Soon, after one its short-lived restorations, the Jesuit Province of Spain was specifically asked by Queen Isabela II to return to the Philippines to undertake, or rather to resume the evangelization of Mindanao and Sulu.  The Spanish Jesuits accepted the commission, along with the attached condition that they would not try to recover any of the property confiscated by the government from the Old Society.  On 4 February 1859, 6 priests and 4 brothers under the leadership of Fr.

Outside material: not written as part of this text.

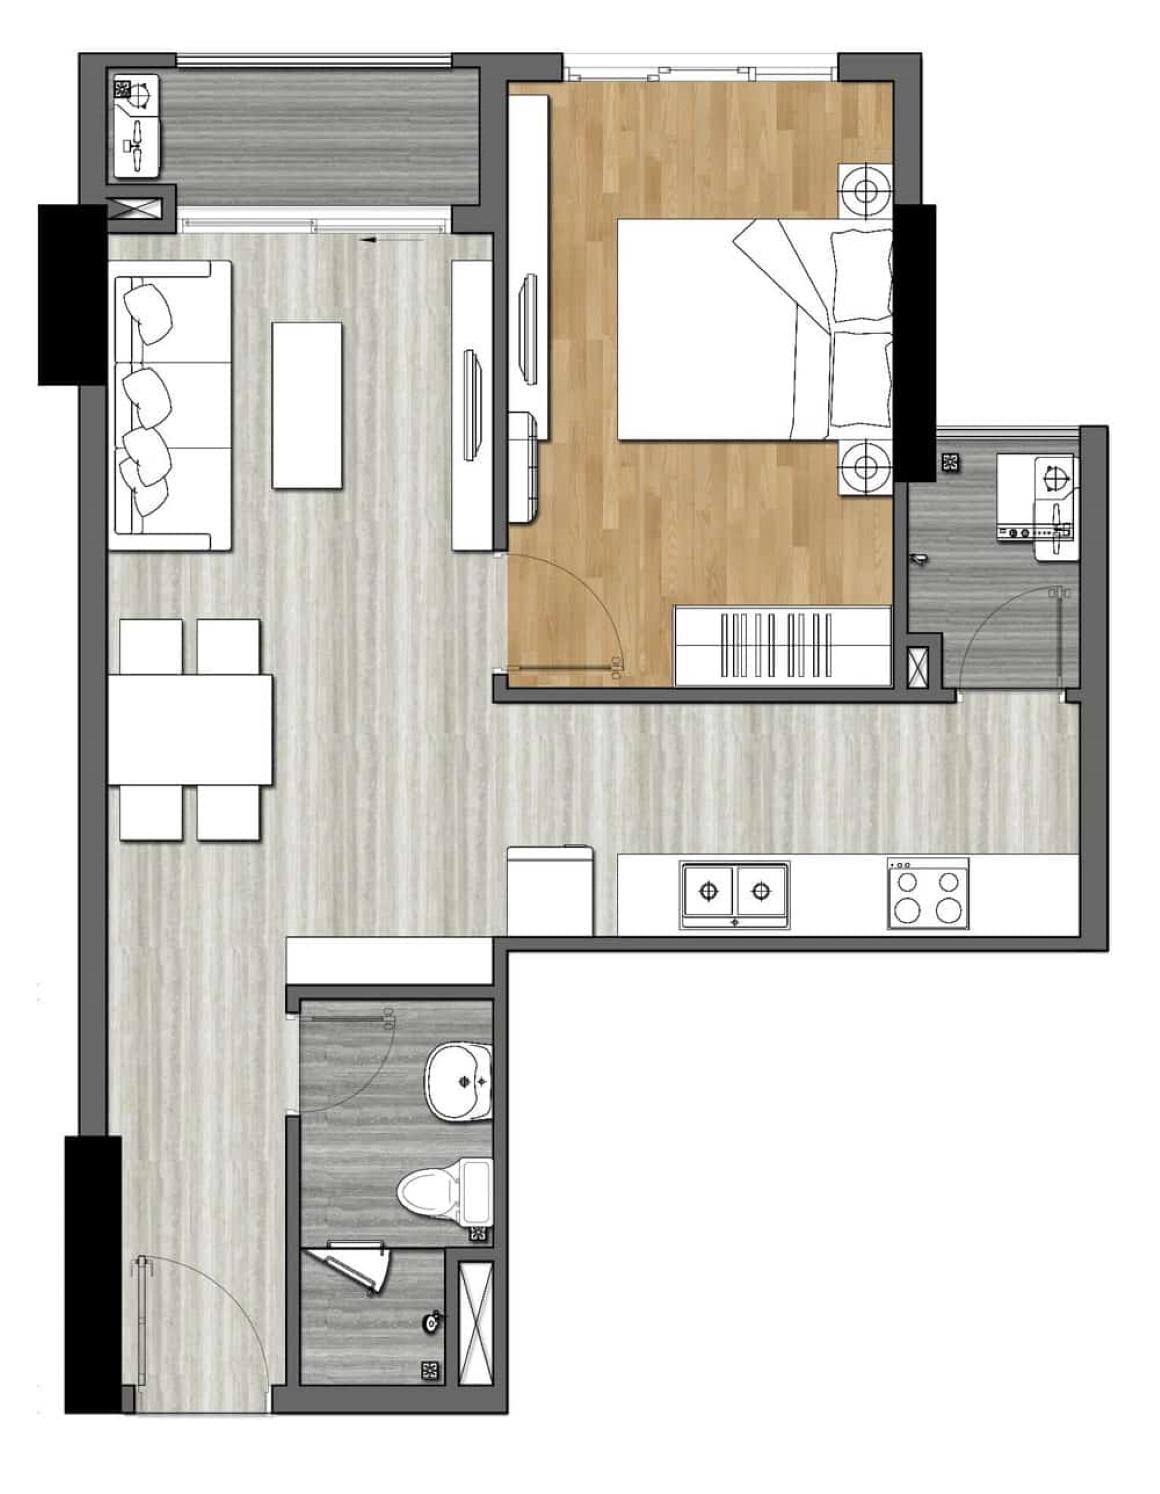 Thiết kế căn hộ New Galaxy - 1PN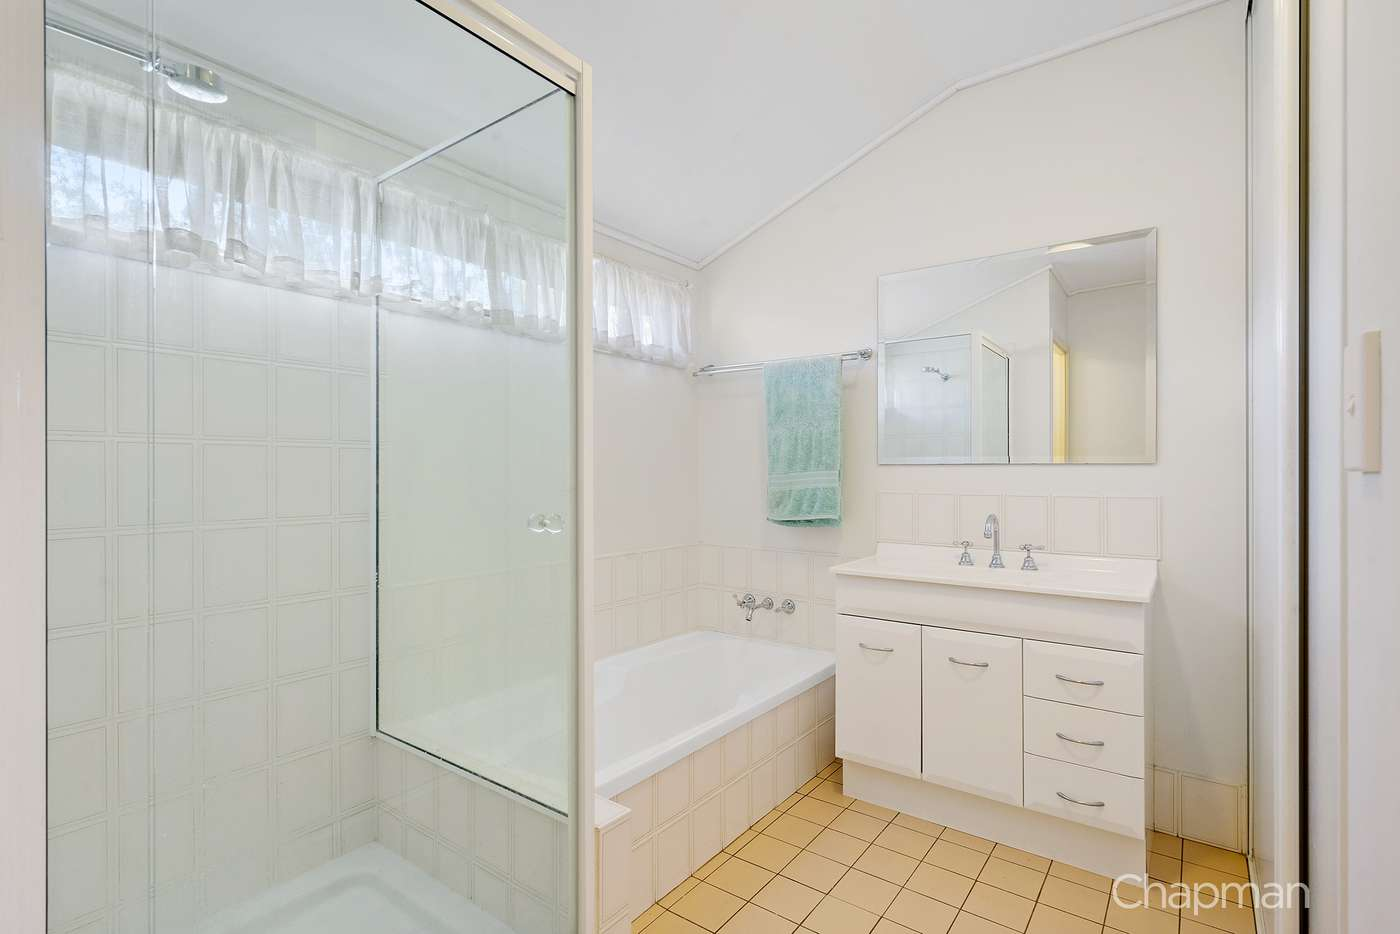 Sixth view of Homely house listing, 11 Koala Road, Blaxland NSW 2774

Jose Fernandez Cuevas set sail from Cadiz for Manila.  They landed on 14 April, being received  with great charity by the Augustinians, who had them stay in their house at Guadalupe until they could set up for themselves.


A grant from the government enabled them to purchase a house at the corner of Anda and Arzobispo streets in the walled city, and this became and remained the central residence of the Philippine Mission until it was destroyed in the recapture of Manila by the American forces in 1945.

THE ESCUELA MUNICIPAL
Soon after the Jesuits’ arrival, the city council of Manila put in a request that they take charge of the Escuela Municipal, a public primary school for boys.  Father Cuevas at first refused on the plea that his orders were only to take charge of the Mindanao missions; but Governor Norzagaray finally persuaded him to accept by taking responsibility of explaining the step to the home government.
On 10 December 1859 Don Lorenzo Moreno Conde, the schoolmaster then in charge of the Escuela Municipal, formally handed it over to the new Jesuit faculty, consisting of Father Jose Ignacio Guerrico, prefect of studies, Fathers Pascual Barado and Ramon Barua, teachers, and Brother Venancio Belzunce, prefect of discipline.  They found that there were 33 boys registered but only 23 in actual attendance.  Nine days later they moved the school to a building across Anda Street from the mission house; by that time the enrollment had risen to 76.  On 2 January 1860, it stood at 120 and the following March at 170.  The school closed at the end of June and reopened in August with an enrollment of 210.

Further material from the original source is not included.